I always let my Honey back it in. I can back but she's better than me.:thumbup1:


----------



## artmart (Sep 21, 2010)

That doesn't work with my Honey. When I'm backing she likes to check out the campground. Just kidding. I use her only for letting me know when I am at the right spot. Getting it to that spot is my responsibility.

I use small cones to mark where I want the tires, then she lets me know when I am there. Then with leveling blocks in place she lets me know when I'm positioned correctly. Then I chock and lock things into place, unhitch and I do all the outside setup as she does the inside.
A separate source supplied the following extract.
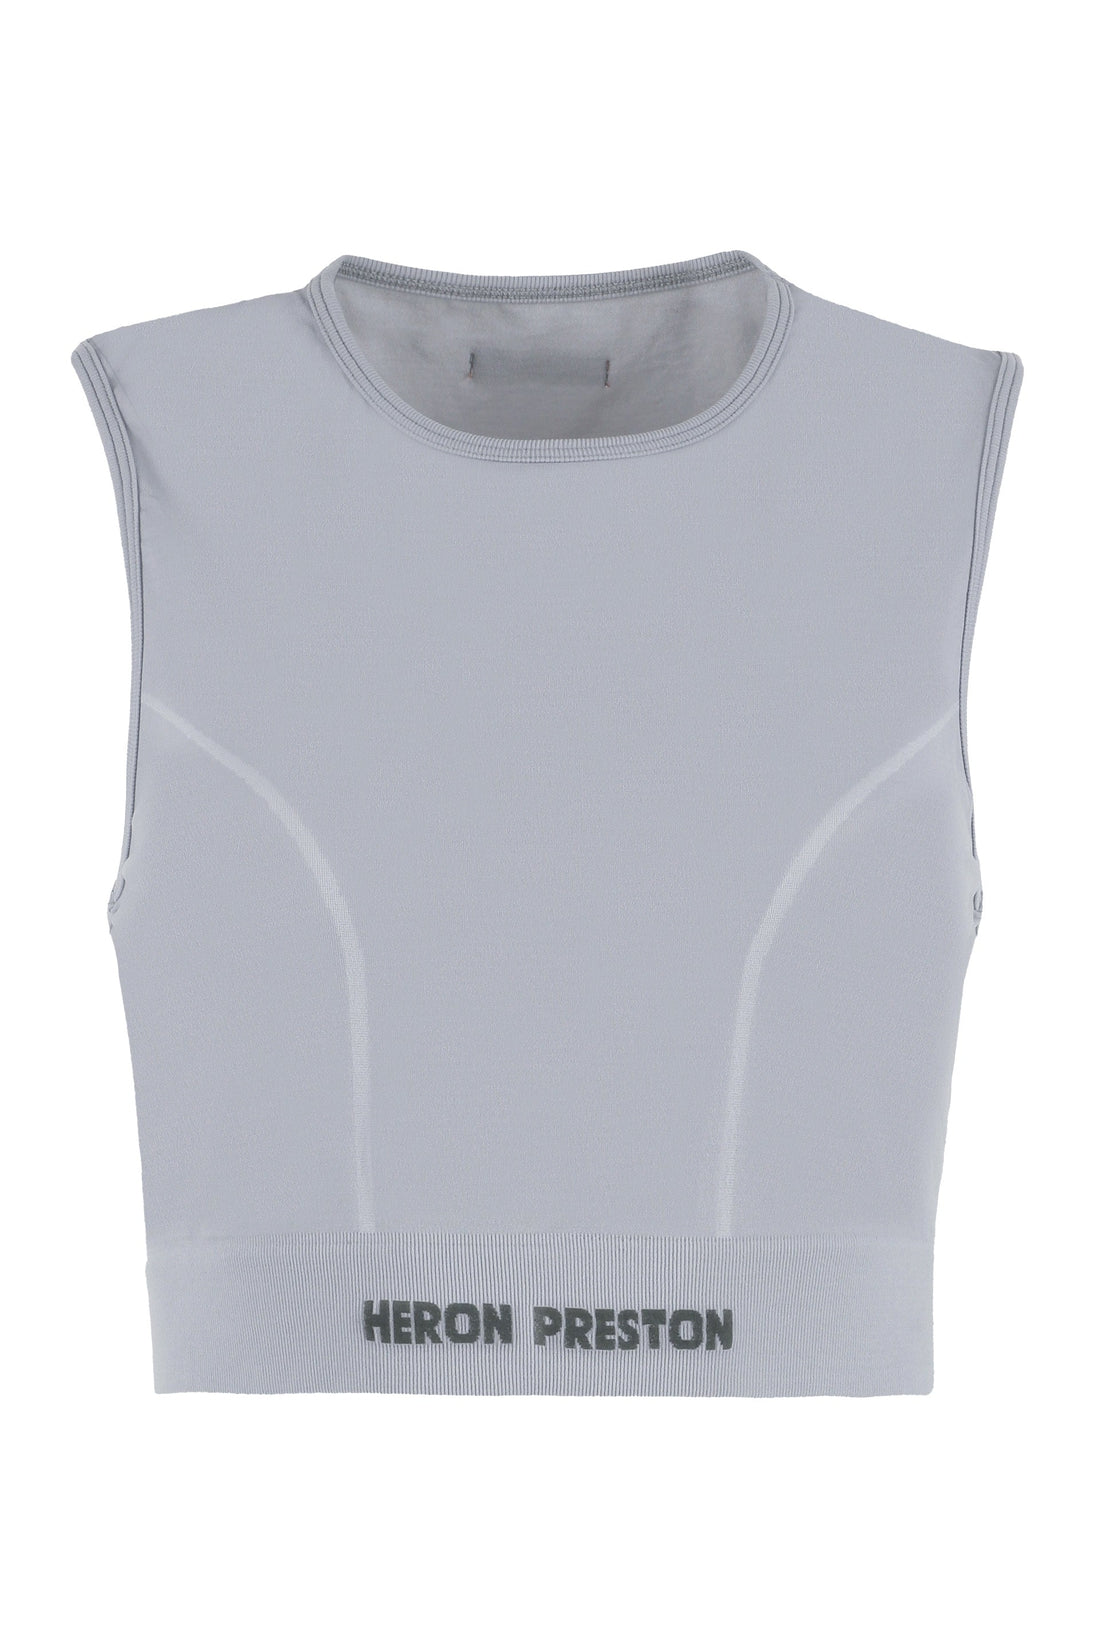 Heron Preston-OUTLET-SALE-Active logo sporty tank-top-ARCHIVIST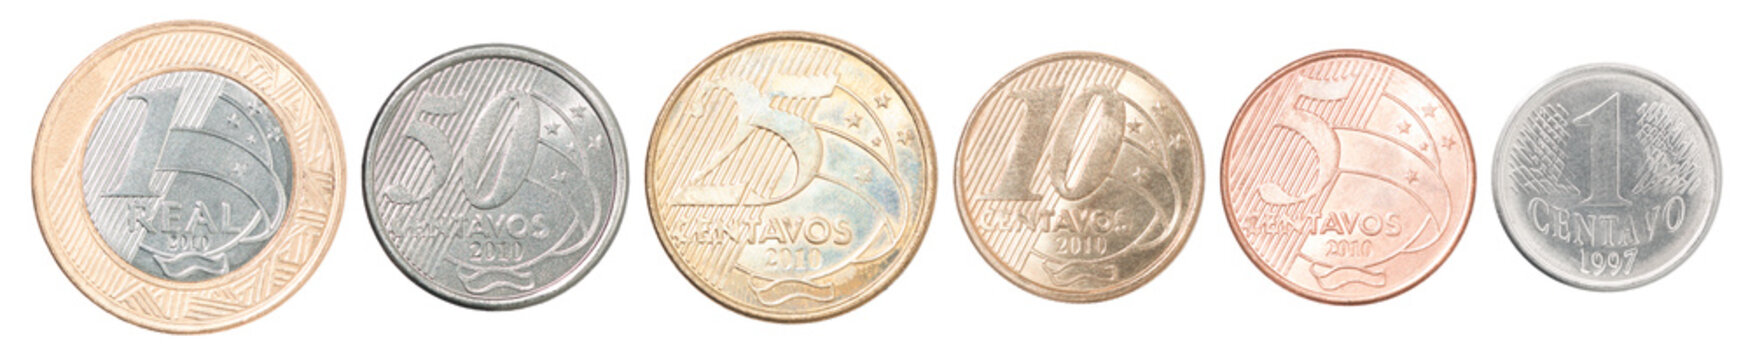 set of Brazilian coins

This procedure works for us, but it took us a few tries and some frustration to find what works for us. She knows she should learn but doesn't have the desire. Oh well. With all the other couples we camp with, all the wives are the same way, so us dudes just help each other out and the quicker the women socialize, the better for us all. They always have refreshments and goodies for us when we're done so we can't complain.


----------



## ndevans2 (Jun 12, 2010)

I usually have my wife guide me when I back up but it has gotten to the point where it really isn't necessary. This is our second yr with a camper and backing has become second nature. I first started feeling comfortable backing in to our driveway just because it was familiar, this helped me get used to the size of the rig. Along with all the other great advise you have recieved here I would add that I think it is really good practice backing up a decent distance not just a short bit. This will get you used to it quicker and you won't be nervious if you ever have to. Hooking up is still easier with help as I can't see anything(we have a 30' travel trailer but your 5th wheel will be easier), I can get it easy enough but it takes a couple times of getting out and checking. Last week when we were getting ready my 2 kids wanted to help guide, I had them stand back at a safe distance and told them to signal me when I was back far enough. I was backing up very slowly and thump, about a second later I hear STOP I was going slow enough that nothing was hurt but their pride-especially when I was laughing because it was cute!! Take some time and you will be just fine.
Enjoy,
Nate


----------



## bigjr (Mar 5, 2009)

One thing ill mention is patience plenty of it nothing starts the weekend off better then yelling back and forth at your significant other :no:


----------



## RVadventurer (May 4, 2011)

Do you have any prior trailer backing experience? Going from nothing to a 35 ft trailer is a major leap. I would recommend that until you get good and comfortable pulling the trailer that you only go forward... You can find camp sites that are pull through at most camp grounds.... May be stick to pull throughs for the first season.


----------